1. Introduction

---

Over the years, the occurrence of inflammation in chronic heart failure (CHF) and acute myocardial infarction (AMI) has been widely described. [1]-15]. Consistent data indicate fluctuations in cytokine levels in patients with a reduced left ventricular function. However, the role of the inflammatory response in the evolution of heart failure has not been defined yet. In order to fill this critical gap, we investigated the circulating levels of several cytokines in patients with left ventricular dysfunction.

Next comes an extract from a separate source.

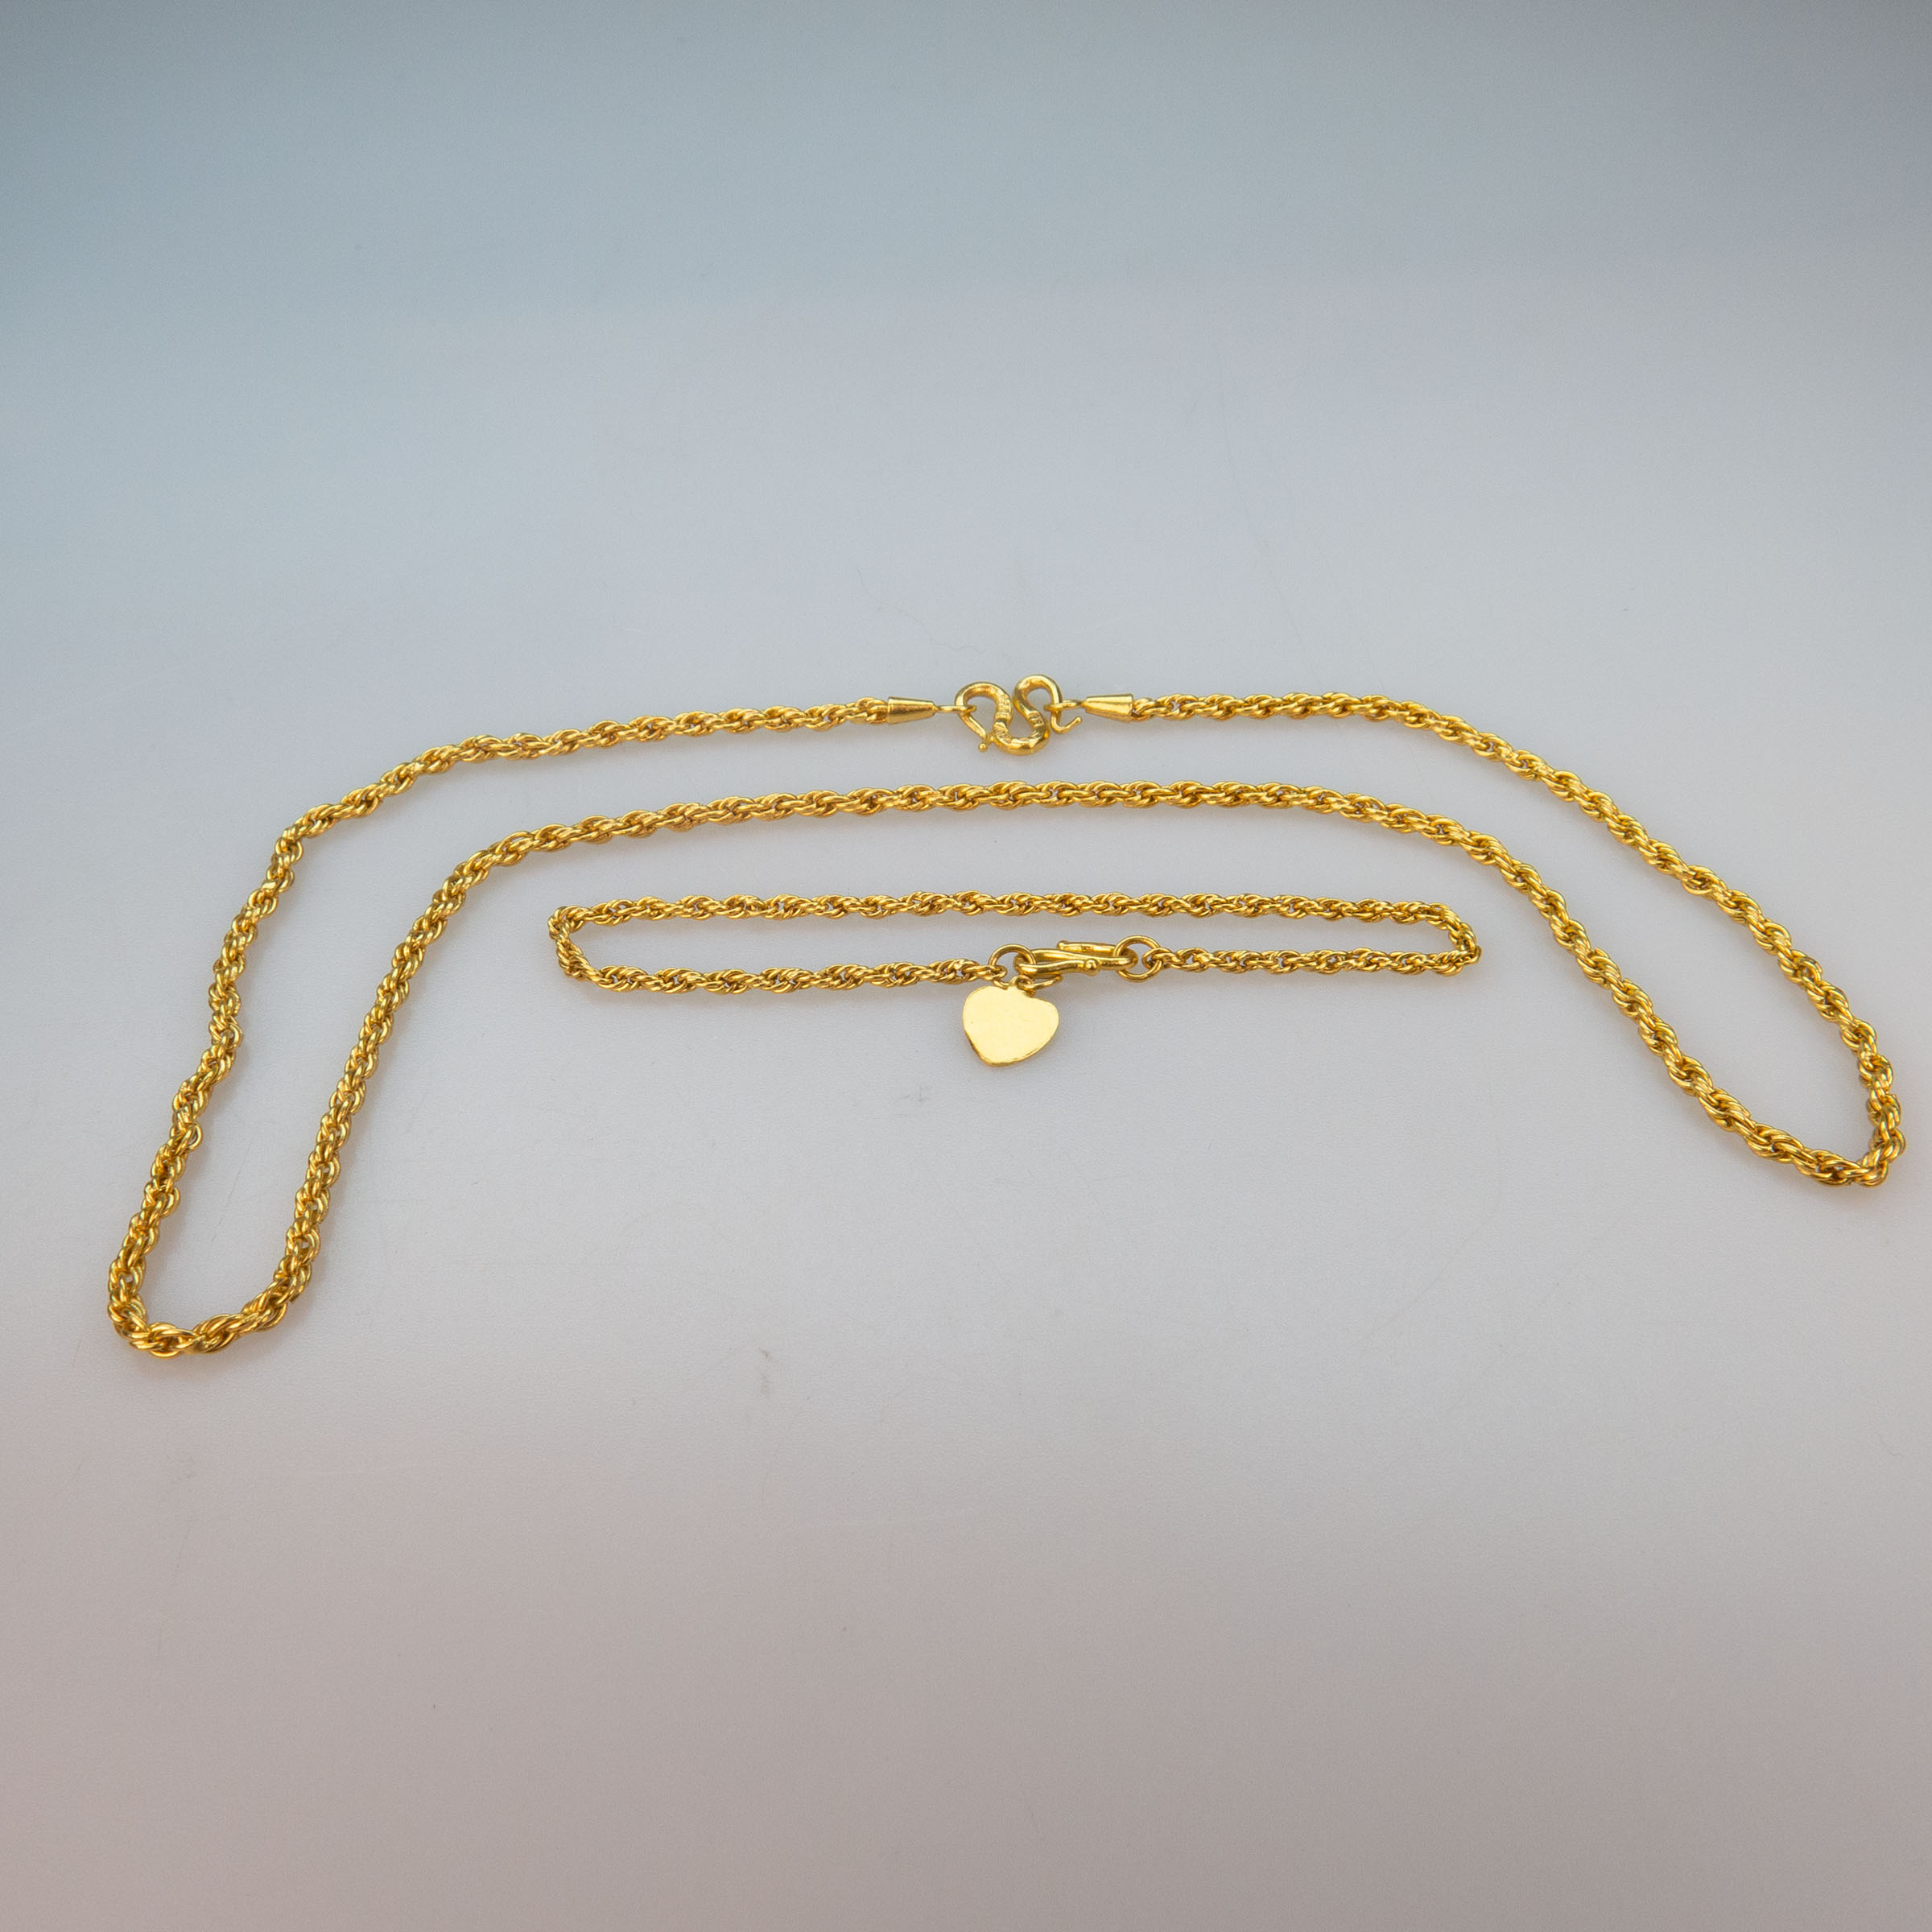 24k Yellow Gold Rope Chain And Bracelet

In the absence of a univocal definition of heart failure and its severity, we decided to limit our study to patients with a clinically-relevant left ventricular systolic dysfunction, assessed according to standard echocardiographic parameters. Moreover, in order to clarify whether shifts in cytokines profile were also present in the early stages of the left ventricular dysfunction, we included in our study also patients with a left ventricular dysfunction, caused by an acute myocardial infarction (AMI). We assumed that these patients had normal levels of circulating cytokines before the infarction. However, it is possible that some shifts are also induced by inflammatory processes of an acute myocardial infarction and not merely by left ventricular dysfunction.

2. Materials And Methods

---

For this study we recruited 44 patients, admitted to our department (male to female ratio 6,33), ranging from 40 to 80 years, mean age 61, SD 9,8, suffering from different cardiac diseases. The inclusion criteria were the presence of dilated cardiomyopathy (according to the WHO criteria), valvular heart disease and post-ischemic cardiomyopathy (previous MI older than 6 months). We also included in the study a group of patients with acute myocardial infarction (AMI), who were hospitalized at the same time.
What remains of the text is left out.